This is an article about Pandora, the Greek myth. There is also an article about the natural satellite of Saturn named Pandora.


In Greek mythology, Pandora ("all gifts") was the first woman, fashioned by Zeus as part of his punishment of mankind for having stolen the secret of fire.

Epimetheus is responsible for giving a positive trait to each and every animal. However, when it is time to give man a positive trait, there is nothing left. Prometheus, his brother, feels that because man is superior to all other animals, man should have a gift no other animal possesses. So Prometheus sets forth to steal fire from Zeus and hands it over to man.

Zeus is enraged and has Pandora made as a poisoned gift for man. Pandora is given several traits from the different gods: Hephaestus gives her the gift of life; Aphrodite gives her beauty; Hermes gives her persuasion; and Apollo gives her musical talent. Zeus gives Pandora a box and tells her never to open it; but he also makes sure she is given curiosity as a gift.

Prometheus warns Epimetheus not to take any gifts from the gods. Epimetheus doesn't listen to his brother, however, and when Pandora arrives, he falls in love with her and they are eventually married.

Until then, mankind lived a life in a paradise without a worry in the world. Epimetheus told Pandora never to open the box from Zeus. However, one day, Pandora's curiosity gets the better of her and she opens it anyway releasing all the misfortunes of mankind (plague, sorrow[?], etc.) She only shut it in time to keep one thing in the box: hope. Thus mankind always has hope in times of evil. (see also Garden of Eden)

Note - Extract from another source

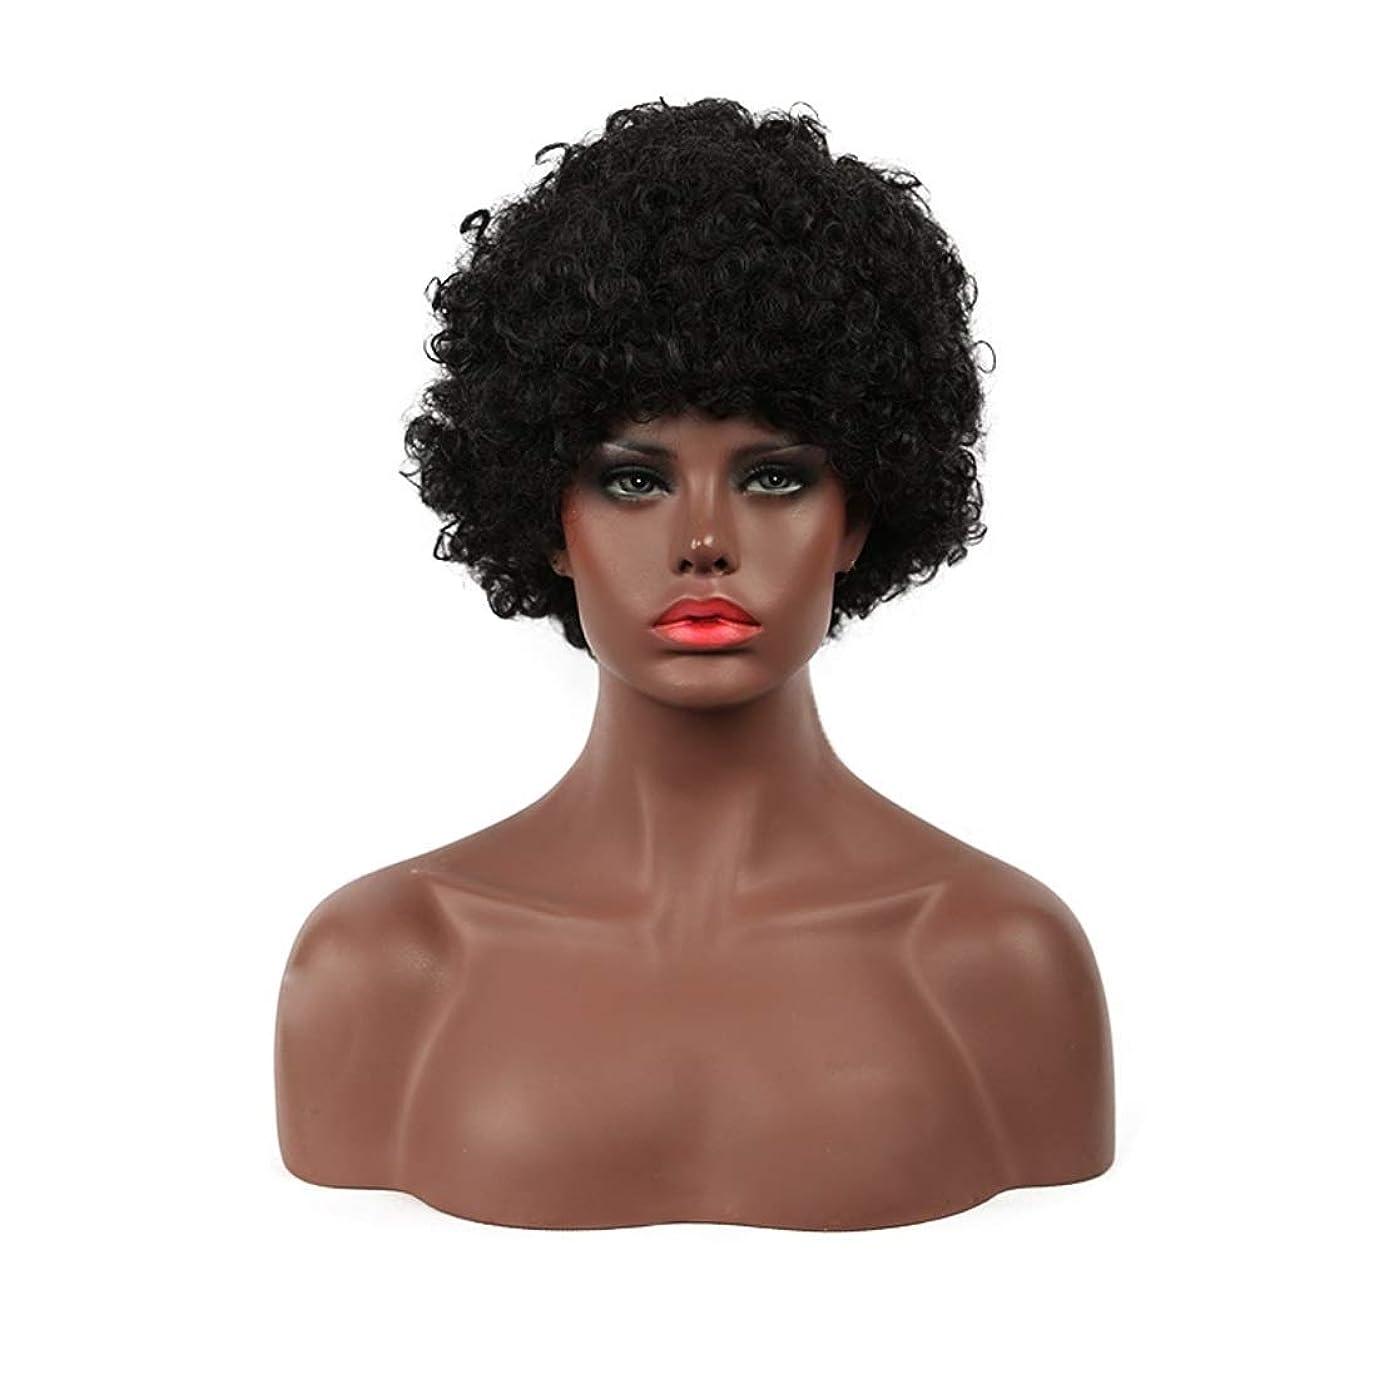 保全マイナス心臓Koloeplf 女性用ショートカーリーボブウィッグふわふわウェーブのかかった黒人工毛ウィッグナチュラルルウィッグ耐熱ウィッグウィッグキャップ付き (Color : Black)
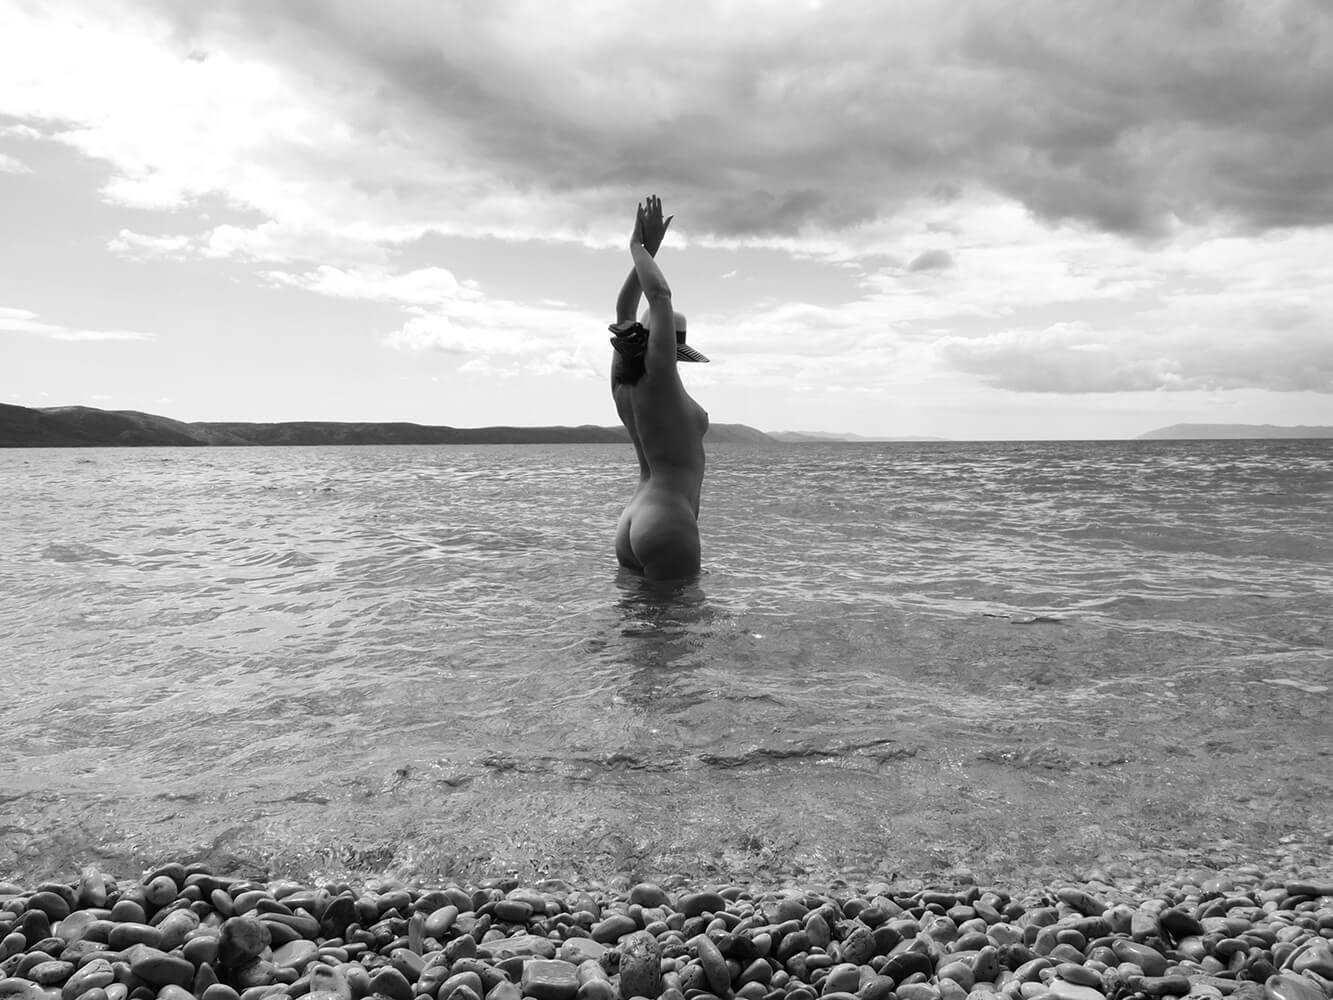 černobílý ženský umělecký akt v moři

The daughter of Epimetheus and Pandora was Pyrrha, who married Deucalion and was one of the two who survived the deluge.

Some scholars contend that Pandora's "box" may have been a mistranslation, and instead her "box" may have been a large jar, forged from the earth. In fact, there is some evidence that suggests Pandora herself was the jar. This interpretation may resolve a nagging inconsistency in the traditional telling of the story of Pandora -- if one releases evil by opening a box, then to close hope inside would be to deny hope to the world. However, if Pandora is the jar, (and it was common in history to have jars with the image of women on them) then the hope that resides within her "under the lip" is the hope inherent in regeneration. In this version of the story, then, there is no fabricated curiosity, and hence Pandora's evil deed -- there is only Pandora.